Note that this uses the gmdate() function, which is identical to date() except it converts the date to the GMT time zone; also, PHP may report GMT as `UTC`, however the standard requires that UTC always be represented as `GMT`.
Context example:
HTTP/1.1 200 OK
Date: Mon, 19 Nov 2007 23:47:33 GMT
Server: Apache/1.3.33 (Darwin) PHP/4.4.7
Last-Modified: Mon, 19 Nov 2007 23:40:02 GMT
Accept-Ranges: bytes
HTTP cookie date format:
------------------------
gmdate(`D, d-M-Y H:i:s GMT`)
This format is for the expiration date of HTTP cookies, and is equivalent to the toGMTString() method of date objects in javascript. Note that this also uses gmdate() and forces `GMT` instead of `UTC` as the reported time zone, as required by the specification.
Context example: Set-Cookie: RMID=732423sdfs73242; expires=Fri, 31-Dec-2010 23:59:59 GMT; path=/; domain=.example.net
RSS date format:
----------------
date(`D, d M Y H:i:s T`)
- or -
date(`D, d M Y H:i:s O`)
This date format is used in RSS feeds, in XML elements such as pubDate or lastBuildDate. The date format must be RFC 822 compliant but a 4 digit year is preferred. Unlike the format used by HTTP headers, GMT is not required, and the time zone may be expressed using the either time zone abbreviation (`T`) or the offset from GMT (`O`).
Context example:
<rss version="2.0">
<channel>
<title>Apple Hot News</title>
<link>http://www.apple.com/hotnews/</link>
<description>Hot News provided by Apple.</description>
<language>en-us</language>
<copyright>Copyright 2007, Apple Inc.</copyright>
<pubDate>Fri, 16 Nov 2007 14:47:14 PST</pubDate>
<lastBuildDate>Fri, 16 Nov 2007 14:47:14 PST</lastBuildDate>
Atom date format:
-----------------
date(`c`) (PHP 5)
- or -
gmdate(`Y-m-dTH:i:s`)
Dates in atom files must be compliant with RFC 3339. GMT/UTC is not required.
For versions of PHP earlier than 5.0 and therefore lacking the handy `c` specifier for ISO 8601 dates, of which RFC 3339 is a subset, getting the time zone specified correctly was tricky for non-GMT dates. Forcing GMT and denoting it as `Z` will work in all PHP versions.
Context example:
<feed xmlns="http://purl.org/atom/ns#draft-ietf-atompub-format-08">
<title>Example Feed</title>
<link href="http://example.org/"/>
<updated>2003-12-13T18:30:02Z</updated>
<author> <name>John Doe</name> </author>
<entry>
<title>Atom-Powered Robots Run Amok</title>
<link href="http://example.org/2003/12/13/atom03"/>
<id>urn:uuid:1225c695-cfb8-4ebb-aaaa-80da344efa6a</id>
<updated>2003-12-13T18:30:02Z</updated>
<summary>Some text.</summary>
</entry>
Unix/C date format:
-------------------
date(`D M j G:i:s T Y`)
This is the date format as reported by unix utilities such as date and not coincidentally the format used by ANSI C`s asctime() function. The equivalent in the format used by the date utility, as well as the C and alias PHP function strftime(): `%a %b %e %H:%M:%S %Z %Y`.

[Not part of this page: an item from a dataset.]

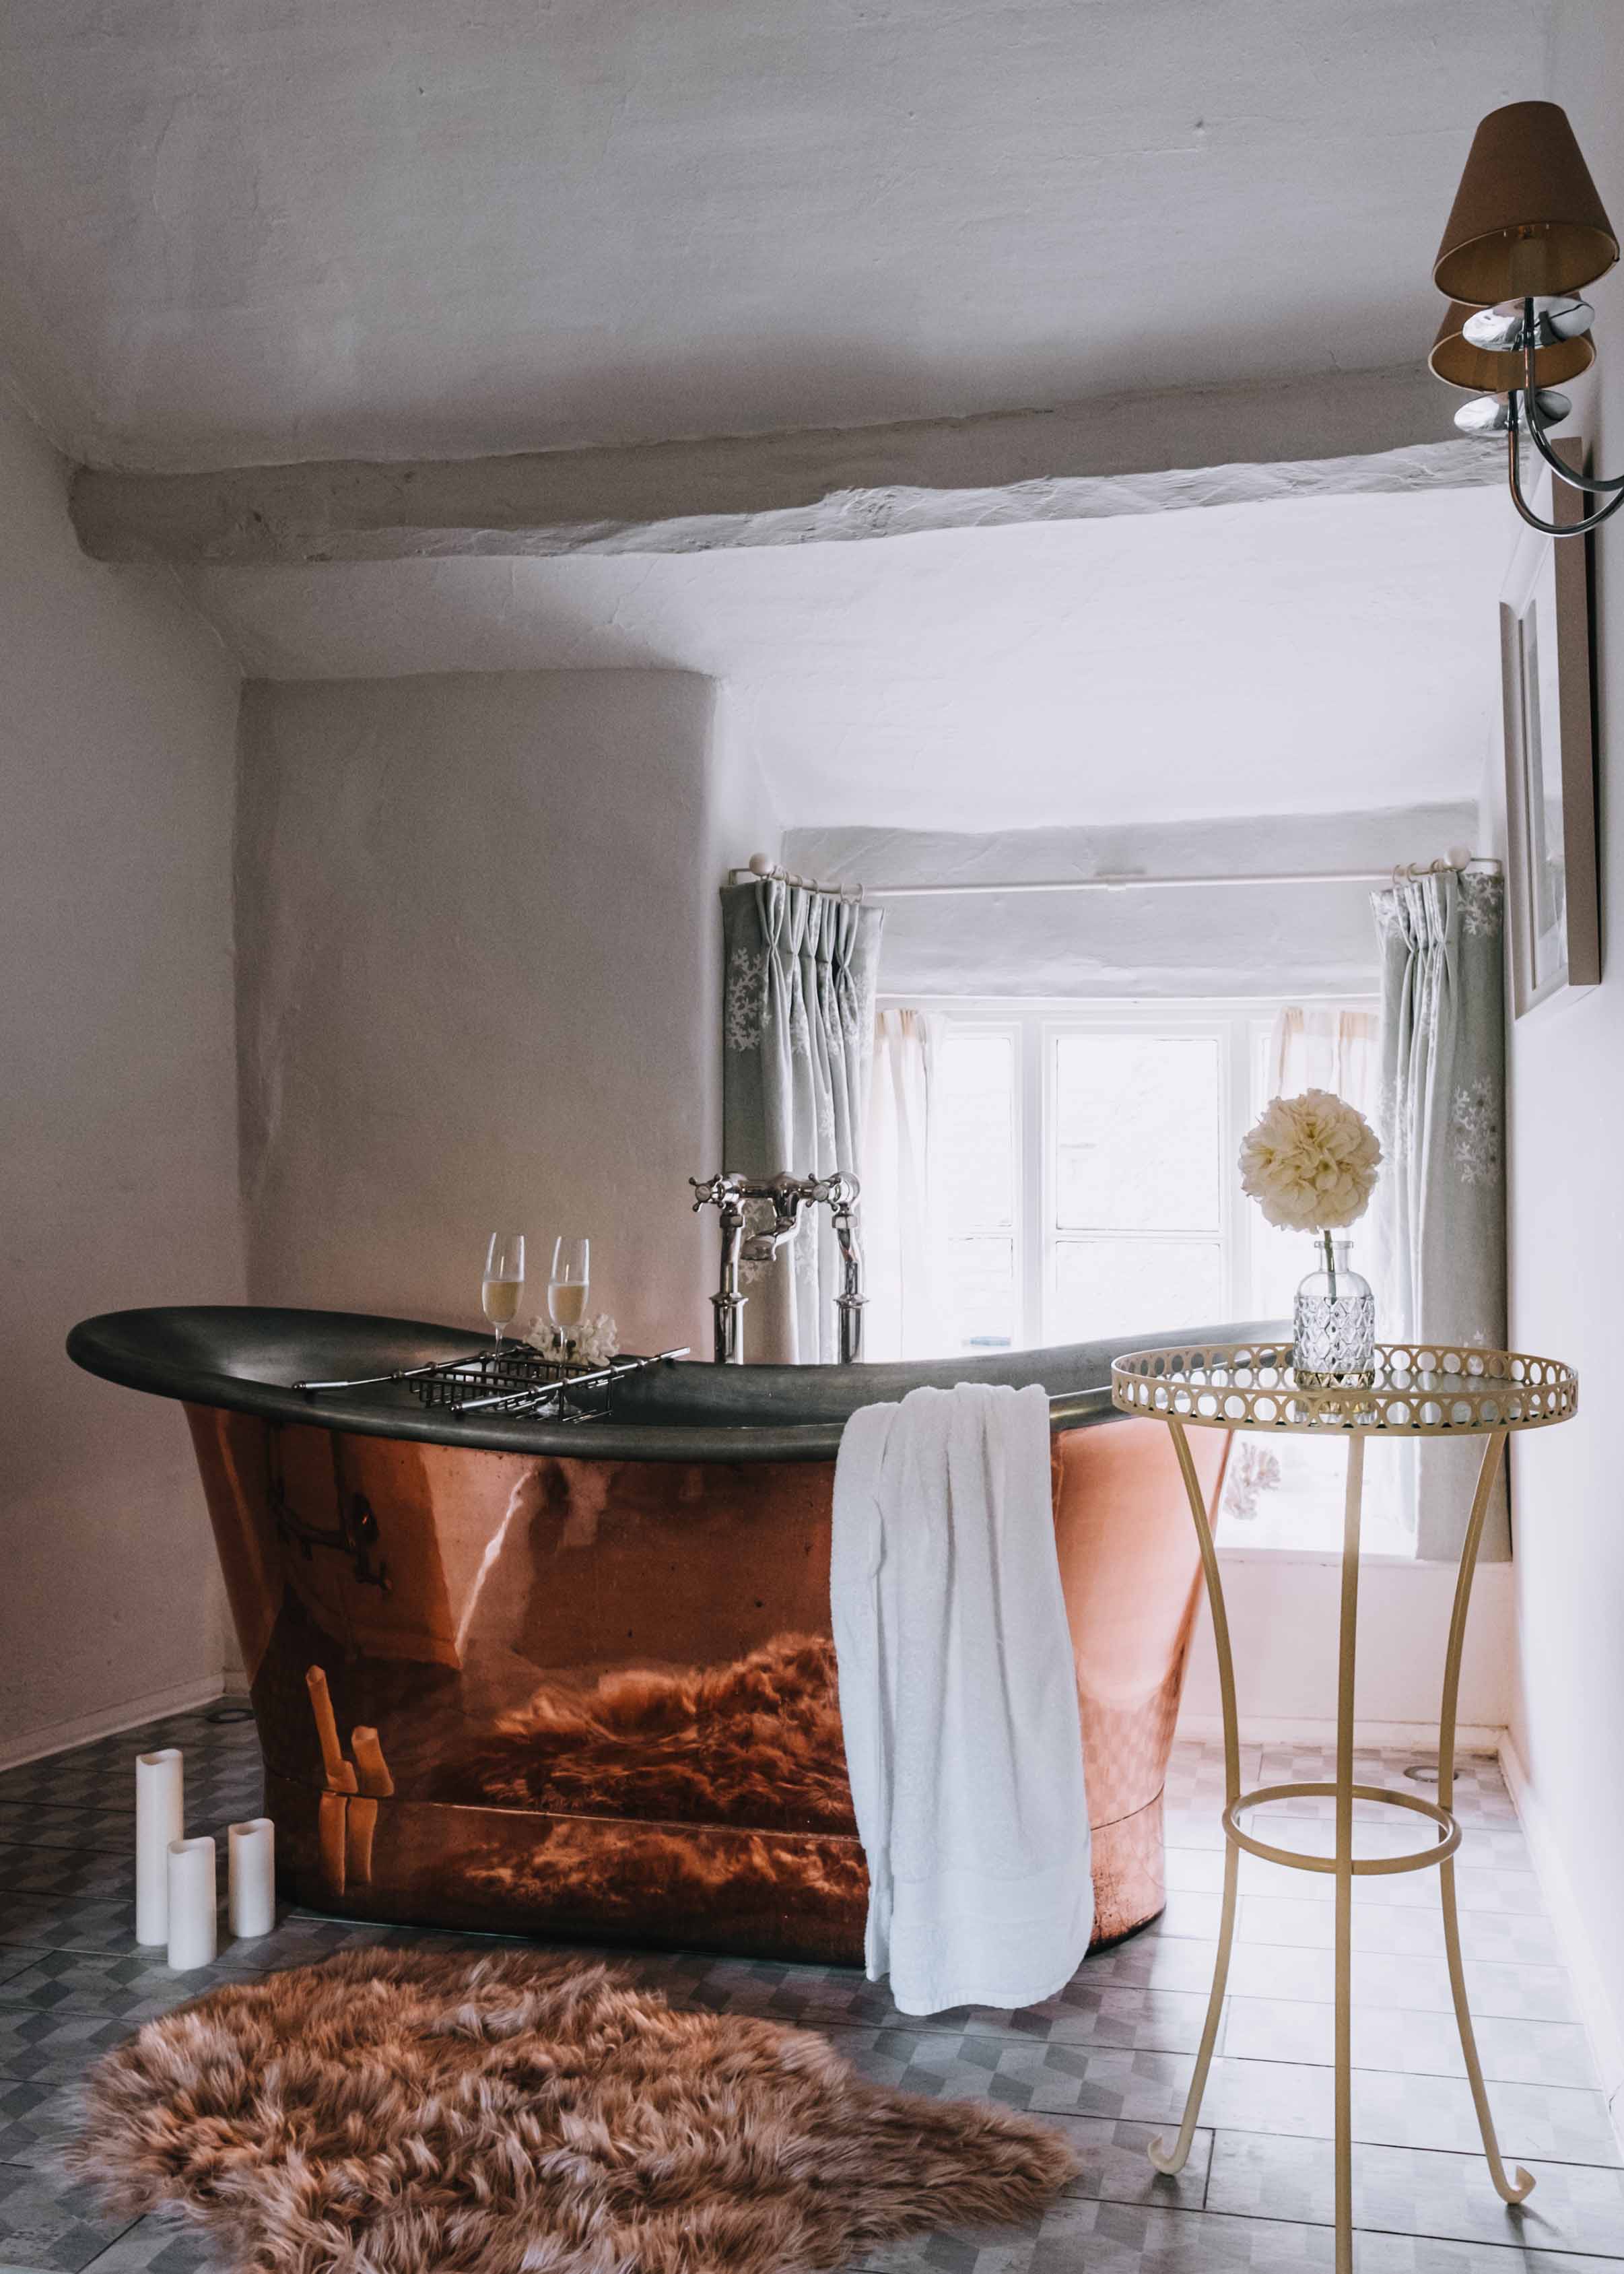 The copper bathtub at Sojourn

Example: Mon Nov 19 19:03:52 EST 2007
mktime()
mktime()
mktime ( [hour [, minute [, second [, month [, day [, year [, daylight savings: 0 for no dst; 1 for dst; -1 dst unknown]]]]]]] )
Examples:
$tomorrow = mktime(0, 0, 0, date("m") , date("d")+1, date("Y"));
$lastmonth = mktime(0, 0, 0, date("m")-1, date("d"), date("Y"));
$nextyear = mktime(0, 0, 0, date("m"), date("d"), date("Y")+1);
Note that these examples will handle daylight savings appropriately as well as overflows, e.g. November 32 will be interpreted as December 1.